EpidemicU.S. COVID-19 Crisis Deepens as Deaths Top 250,000

As COVID-19 deaths topped 250,000 yesterday, the White House coronavirus task force signaled that the nation’s pandemic situation is worsening, with more overrun hospitals and deaths potentially approaching 2,000 a day in the lead-up to Christmas—unless strong mitigation measures are taken.

Meanwhile, the global COVID-19 total topped 56 million yesterday, as Europe’s cases slowed but its deaths rose.

Stark Predictions Ahead of Holidays
Administration officials told CBS News that task force doctors informed Vice President Mike Pence that the United States might average 1,500 deaths a day by next week and as many as 2,000 a day by Christmas, unless more steps are taken.

Concerned about surges in community spread that are already filling hospitals and intensive care units (ICUs), the doctors recommended temporarily closing bars and stopping indoor dining at restaurants and urged Pence or President Donald Trump to address the public on steps they can take.

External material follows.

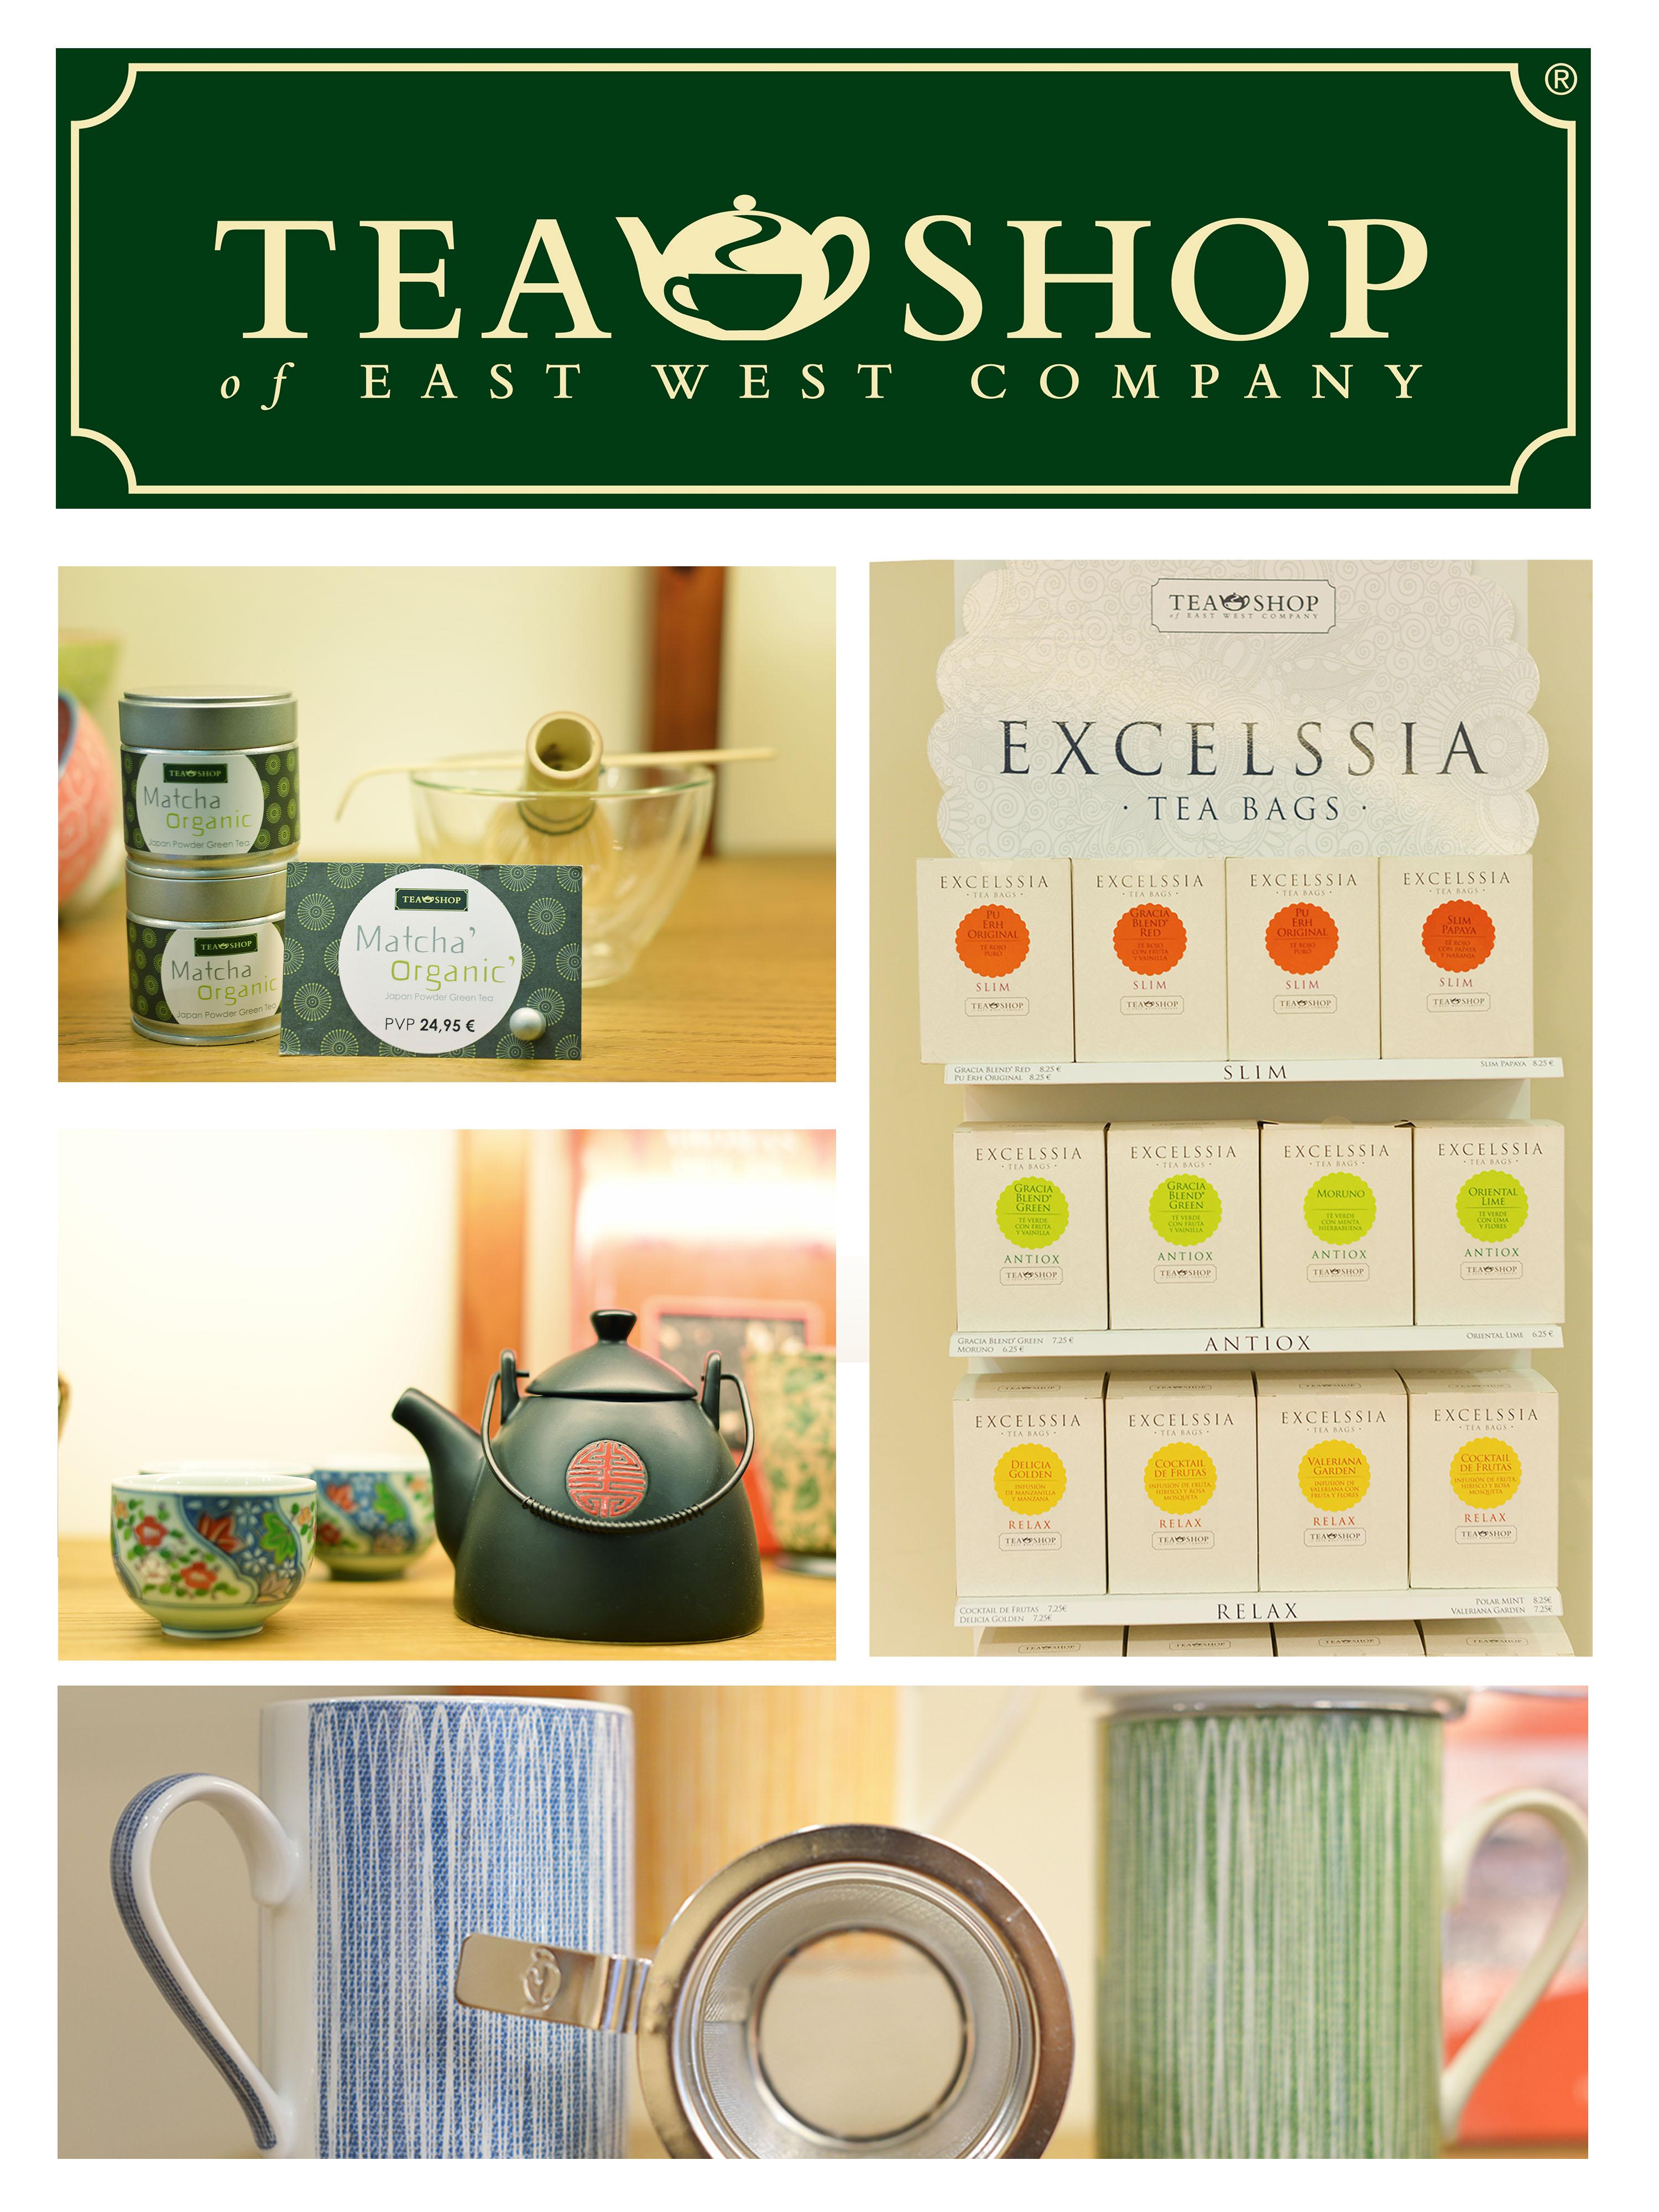 Tea Shop Franquicia. Tea Shop Franquicia With Tea Shop Franquicia ...

Meanwhile, the latest coronavirus task force memo—shared with governors and obtained by the Center for Public Integrity—said 47 states are now in the “red zone,” meaning that their new cases are more than 100 per 100,000 residents per week. The only states not on the red zone list are Hawaii, Maine, and Vermont. The memo said current measures aren’t enough to flatten the curve and pushed for more antigen testing and for states to strengthen their warning to the public before Thanksgiving gatherings, which will likely amplify the spread of the virus.

Yesterday, the United States reported 161,934 new cases and 1,707 more deaths, according to the Johns Hopkins online dashboard. There are 76,823 Americans currently hospitalized for COVID-19, up from 73,014 the day before, the COVID Tracking Project said.

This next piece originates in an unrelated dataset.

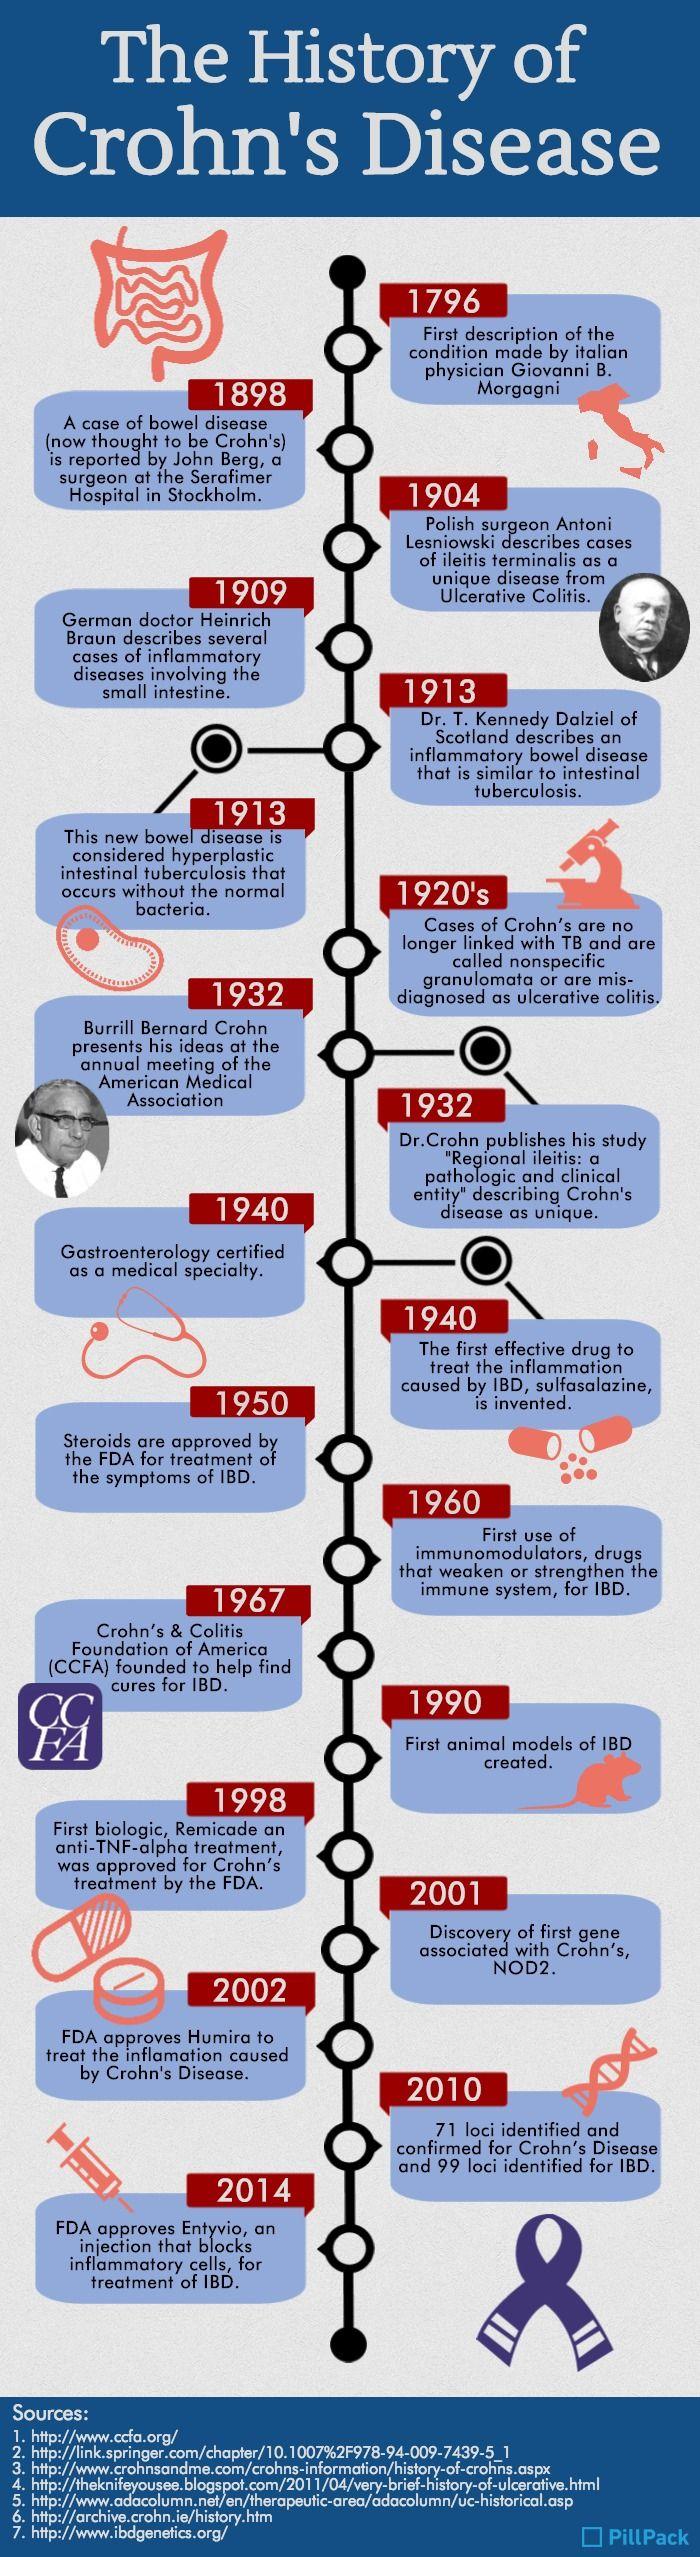 History of Crohn's

Surges in multiple states are straining the nation’s testing system, leading to long lines and longer turnaround times for results, NPR reported. So far this month, the daily average of tests conducted each day is more than 1.4 million.

And although promising news about vaccine efficacy, such as yesterday’s developments with the Pfizer-BioNTech vaccine, and the possibility that two vaccines may be cleared for emergency use in the weeks ahead, state and local public health experts told Politico that they’re worried states might not be ready to start distributing them by December. Some of the hurdles include logistical challenges, critical funding shortages, and scant federal guidance on who should be prioritized to receive the first doses.